The HTTP server is a complex and interesting mechanism. There is an opinion that a programmer who did not write his own compiler is bad, I would replace “compiler” with “HTTP-server”: this is a parser, and work with a network, and asynchrony with multithreading and
much more ....
')
Tests on all possible parameters (static return, dynamics, various encryption modules, proxies, etc.) are not only one month of hard work, so the task is simplified: we will compare the performance of the cores. The core of an HTTP server (like any network application) is a socket event dispatcher and some primary mechanism for processing them (implemented as a pool of threads, processes, etc.). This also includes the HTTP parser and response generator.

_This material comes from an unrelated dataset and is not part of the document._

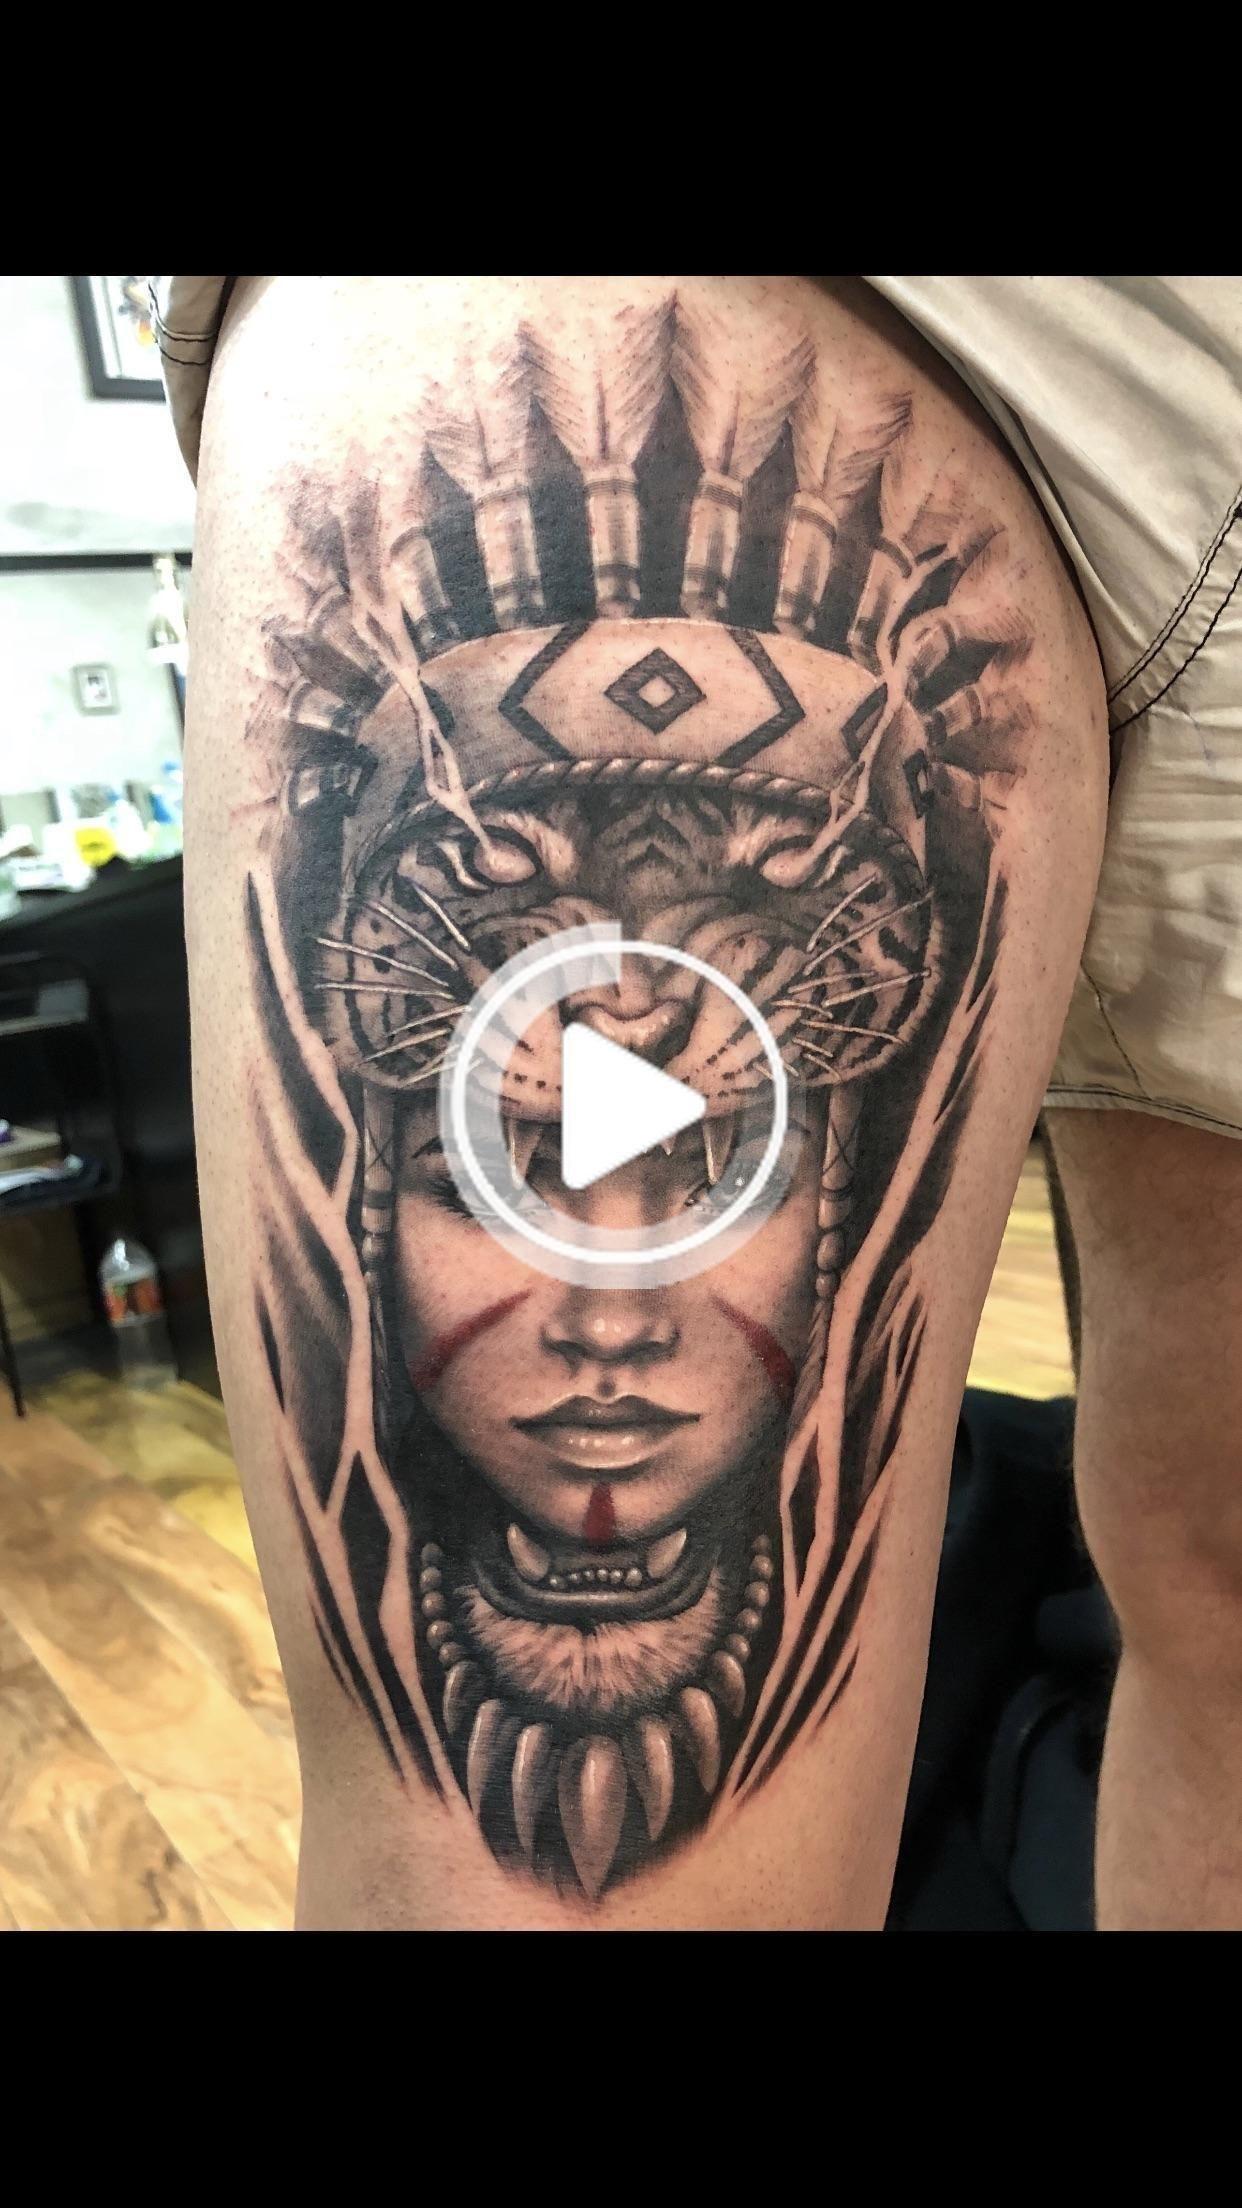 Iain mclellan revere in 2020 tattoos nature tattoos
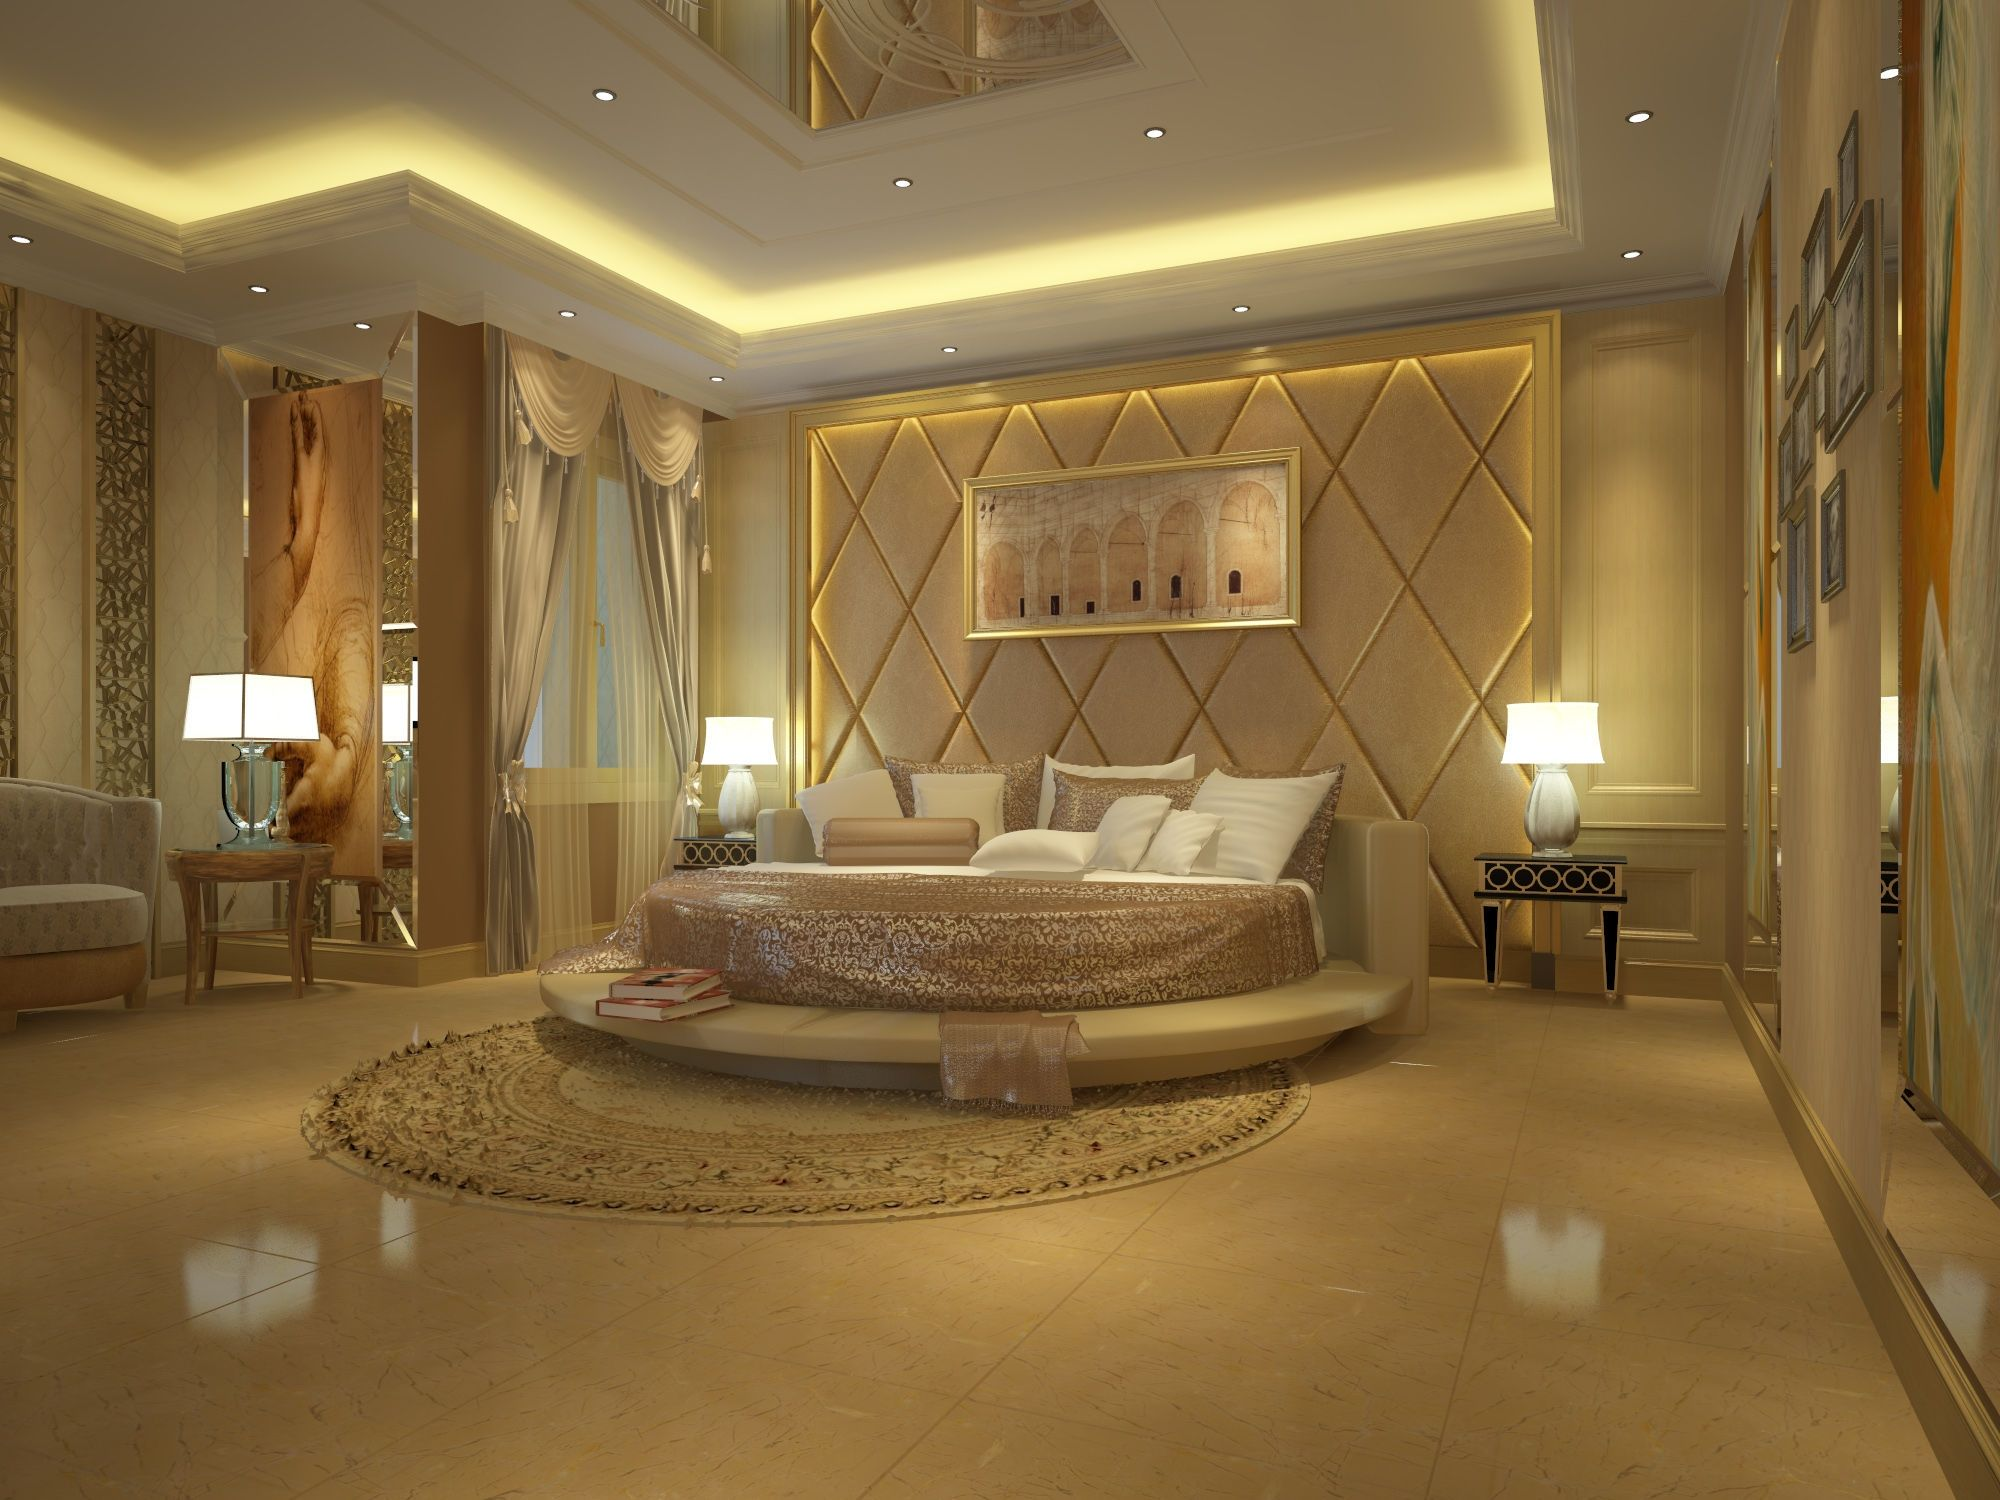 Awesome Master Bedroom Crafty Design Ideas Big Bedroom Ideas Large With Big Bedrooms Luxury Master Bedroom Design Luxurious Bedrooms Luxury Bedroom Master

At first glance, everything should come down to testing the capabilities of one or another system mechanism for handling asynchronous events (select, epoll, etc.), their meta-wrappers (libev, boost.asio, etc.) and the OS kernel, but the specific implementation in the form of a ready-made solution gives a significant difference in performance.
The version of the HTTP server on
libev was implemented . Of course, support is provided for a small subset of the requirements of the notorious
rfc2616 (it is unlikely that it is fully implemented by at least one HTTP server), only the necessary minimum to meet the requirements for participants in this test,
- Listen to requests on port 8000;
- Check method (GET);
- Check the path in the request (/ answer);
- The answer should contain:
HTTP / 1.1 200 OK
Server: bench
Connection: keep-alive
Content-Type: text / plain
Content-Length: 2
42
- To any other method \ path - the answer should be returned with error code 404 (page not found).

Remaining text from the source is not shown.